石工事業者は、石材(石材に類似のコンクリートブロック及び擬石を含む。)の加工または積方により工作物を築造、または工作物に 石材を取付ける工事を行う事業者のこと。

主な工事内容は、

石工事

  1. 石積み
  2. 石張り
  3. コンクリートブロック積み
  4. コンクリートブロック張り
  5. 墓石工事

などです。

 

屋根工事

屋根工事とは、瓦・スレート・金属薄板などによる屋根を葺く工事のことを指します。

雨漏り防止、家を長持ちさせる、家のイメージを変えられるなどの効果があります。

さらにくわしく説明すると、屋根工事には主に以下の8種類に分けられます。

屋根工事の種類

  1. 葺き替え工事
  2. 葺き直し工事
  3. 重ね葺き工事(カバー工法)
  4. 塗装工事
  5. 屋根材の修繕工事
  6. 漆喰補修/交換工事
  7. 棟板金(むねばんきん)交換工事
  8. 雨樋修理/交換工事

金属薄板にはステンレスやガリバリウム鋼板、トタンなどといった様々な種類があり、屋根の断熱工事なども行います。

 

電気工事

電気工事とは、建設工事の中で送電線、配電盤、電灯、電力機器などの電気工作物の工事を実施する専門工事のことです。

日本の法制度上は、

  1. 電気保安に関する法体系における電気工事
  2. 建設工事としての電気工事

の2つの意味があります。

また電気工事業の種類は以下のとおりです。

電気工事の種類

  1. 発電設備工事
  2. 送配電線工事
  3. 引込線工事
  4. 変電設備工事
  5. 非常用電気設備を含む構内電気設備工事
  6. 照明設備工事
  7. 電車線工事
  8. 信号設備工事
  9. ネオン装置工事

 

管工事

管工事

管工事とは、空調や給排水、冷暖房、ガスなどの設備や、管を使ってガスや水、油、水蒸気などを通すための設備を設置する工事のこと。

種類はこんな感じです。

管工事の種類

  1. 空気調和設備工事
  2. 給排水/給湯設備工事
  3. 冷暖房設備工事
  4. 浄化槽工事
  5. 厨房設備工事
  6. 冷凍冷蔵設備工事
  7. 衛生設備工事
  8. 水洗便所設備工事
  9. ガス管配管工事
  10. 管内更生工事
  11. ダクト工事

一方ややこしいのが、管工事と水道施設工事のちがいです。

たとえば、

し尿処理関連施設の工事は、規模に関係なく浄化槽を使った処理施設を建設するときは管工事となります。

一般的な家屋などはこちらに該当しますよ 🙂

ところが公共団体が設置し、上水道の取り入れや浄水、配水に関する施設を設置する場合や、下水処理場において処理設備を設置する場合は水道施設工事となります。

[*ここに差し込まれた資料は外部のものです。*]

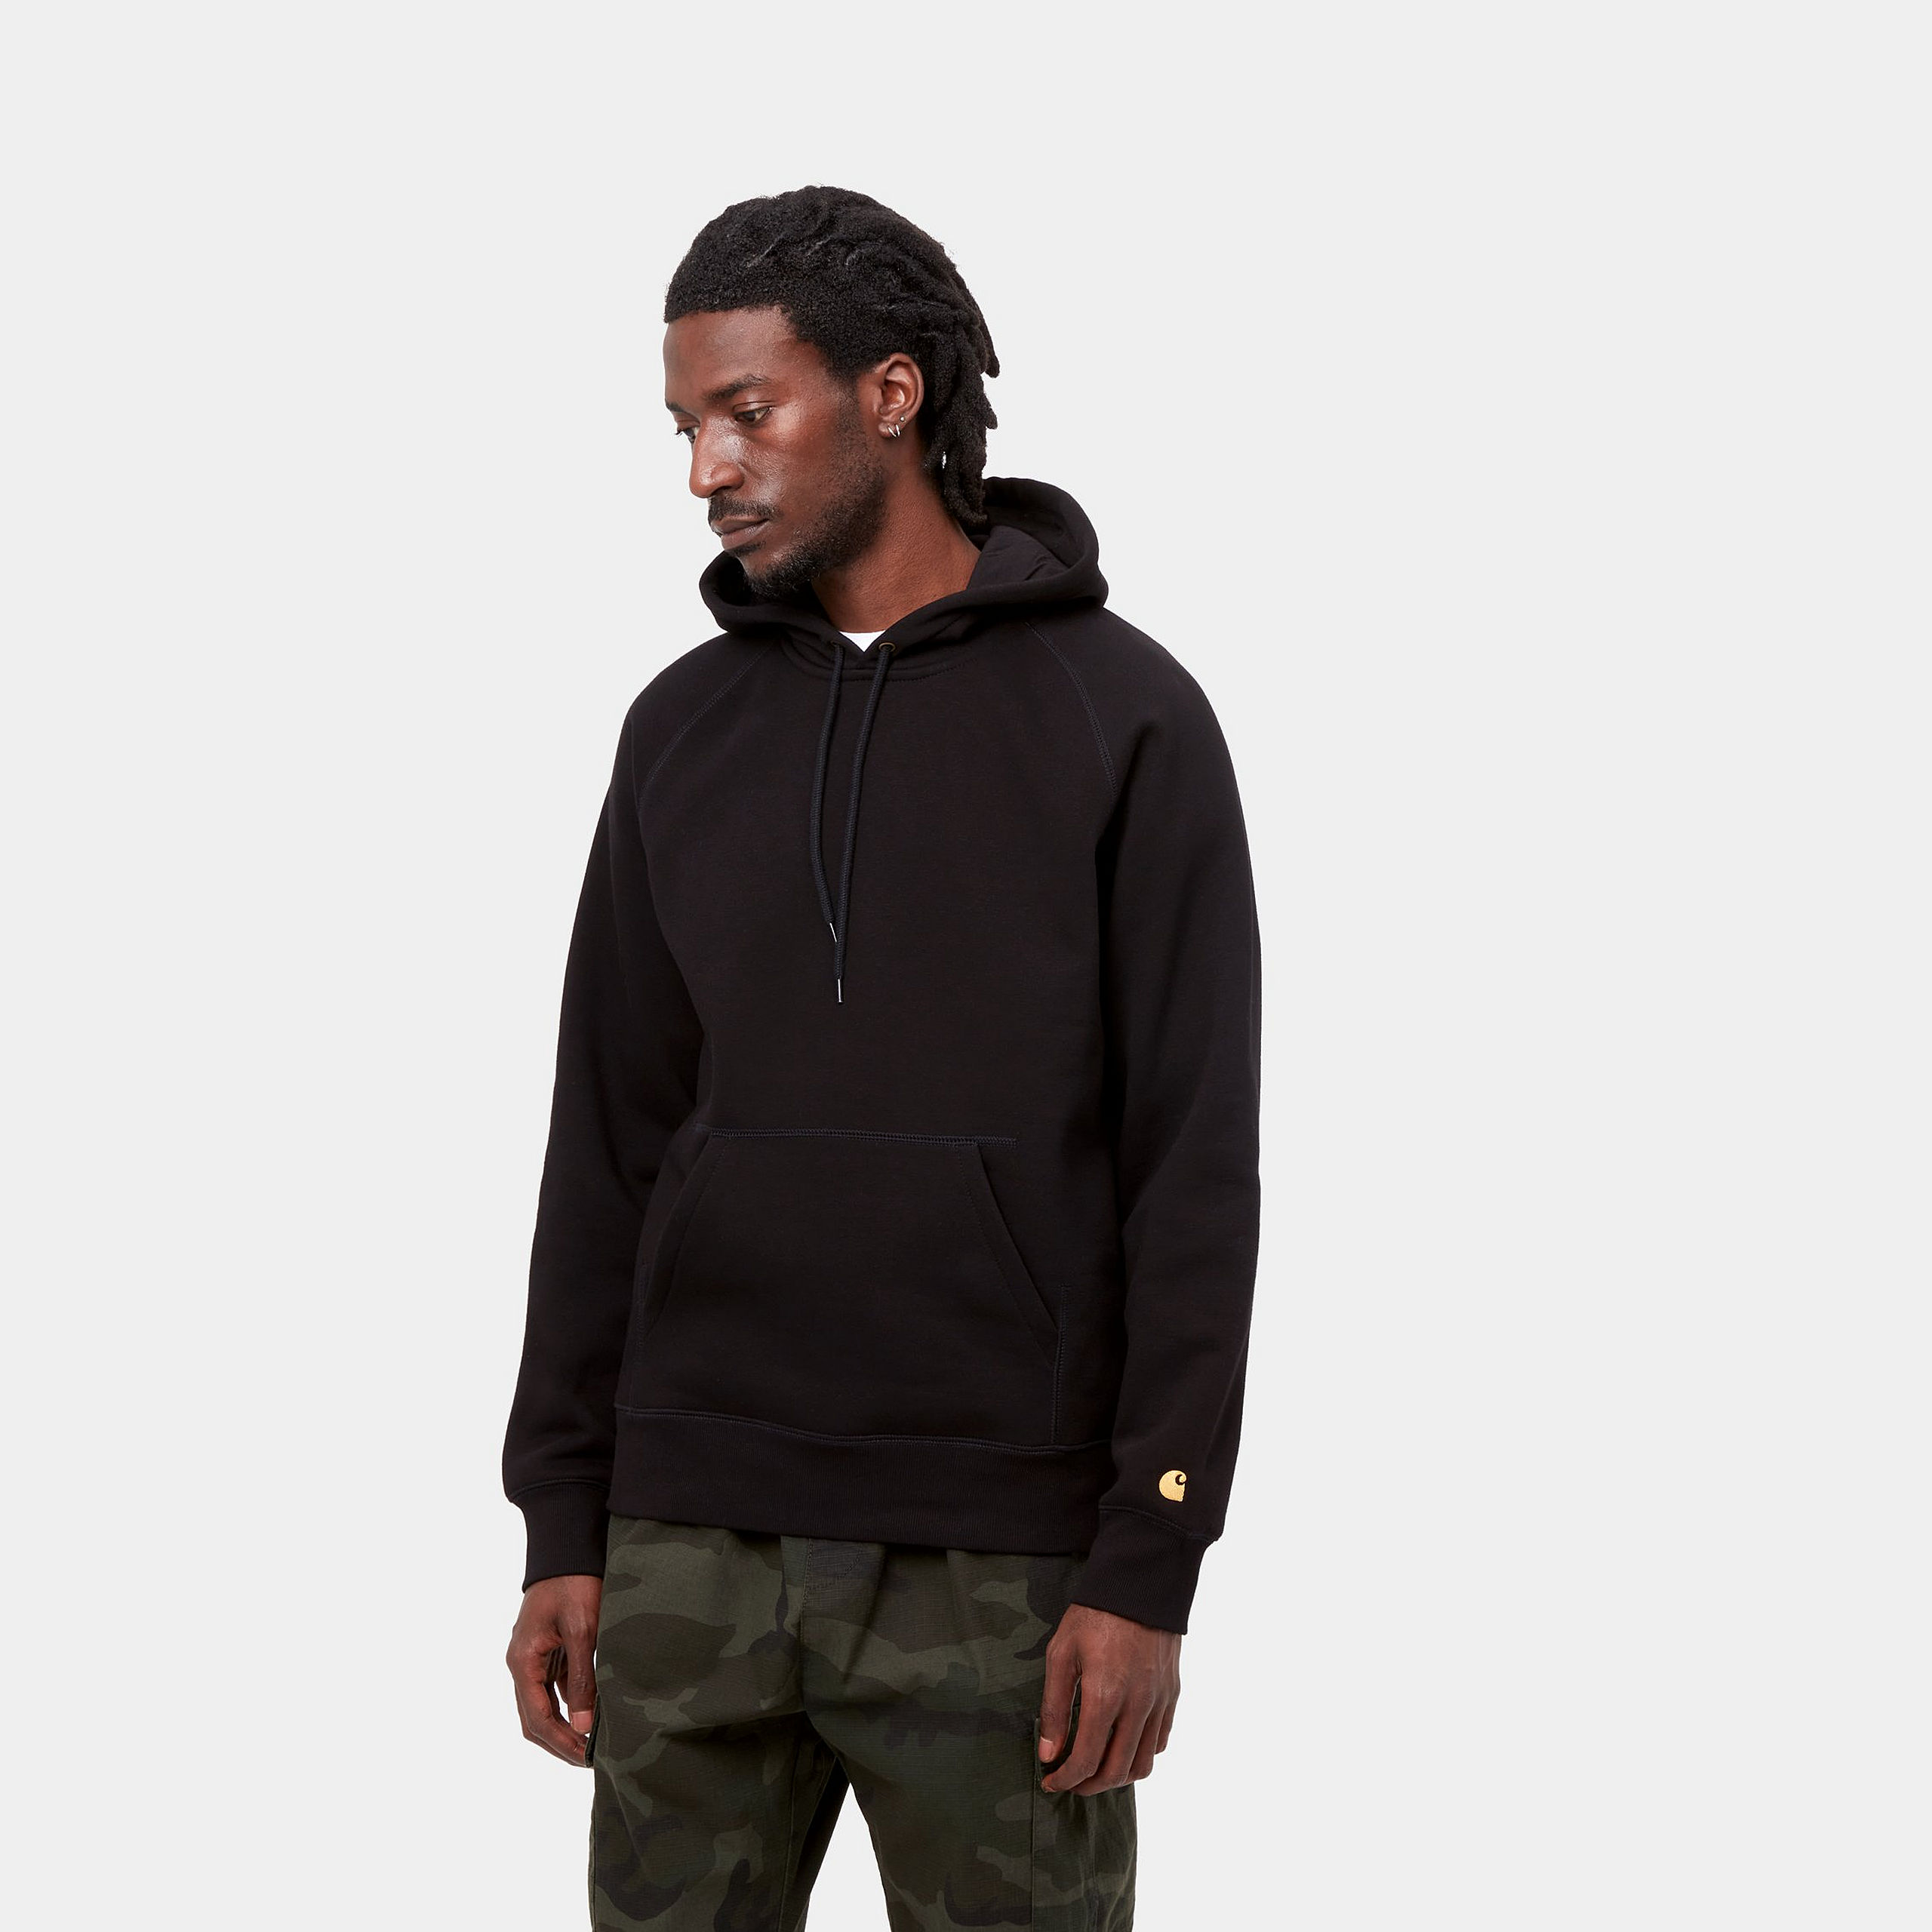 Carhartt WIP - HOODED CHASE SWEAT - Black/Gold

ちなみに、くみ取って集められたし尿の処理施設を建設する場合は、管工事でも水道施設工事でもなく清掃施設工事となりますので覚えておきましょう。

 

タイル・れんが・ブロック工事

れんが、コンクリートブロック等により工作物を築造し、または工作物にれんが、コンクリートブロック、タイル等を取付け、またははり付ける工事のことを言います。

種類は以下のとおり。

タイル・れんが・ブロック

  1. コンクリートブロック積み(張り)工事
  2. レンガ積み(張り)工事
  3. タイル張り工事
  4. 築炉工事
  5. スレート張り工事
  6. サイディング工事

また、】軽微な建設工事】以外のタイル・れんが・ブロック工事を受注するには、公共工事か民間工事かを問わず、必ず建設業許可(タイル・れんが・ブロック工事工事業許可)を取得しなければなりません。

軽微な建設工事とは以下のとおり。

建築一式工事の場合

①1件の請負金額が1,500万円未満の工事(消費税込)

②木造住宅で延べ面積が、150㎡未満の工事(主要構造部が木造で、延べ面積の1/2以上を居住の用に供すもの。)

建築一式工事以外の場合

1件の請負金額が500万円未満の工事(消費税込)

 

鋼構造物工事

鋼構造物工事とは、型鋼や鋼板などの鋼材の加工や組立により、工作物を築造する工事のこと。

鋼構造物とは、鉄骨造りの建物や、鋼構造物の橋梁(きょうりょう)、鋼製水門などの河川管理施設、ガスタンクなど、主要部分が鋼材の構造物を指します。

いっぽう、鉄筋コンクリート造りや鉄鋼鉄筋コンクリート造りなどのように、埋め込まれた鉄筋や鉄骨は、鋼構造物に含まれません。

具体的には、以下の工事が該当します。

鋼構造物工事

  1. 鉄骨工事
  2. 橋梁工事
  3. 石油/ガスなどの貯蔵用タンク設置工事
  4. 屋外広告工事
  5. 閘門(こうもん)/水門などの門扉設置工事

また、とび・土工・コンクリート工事の「鉄骨組立工事」と、鋼構造物工事の「鉄骨工事」の区分は、以下のように分類できます。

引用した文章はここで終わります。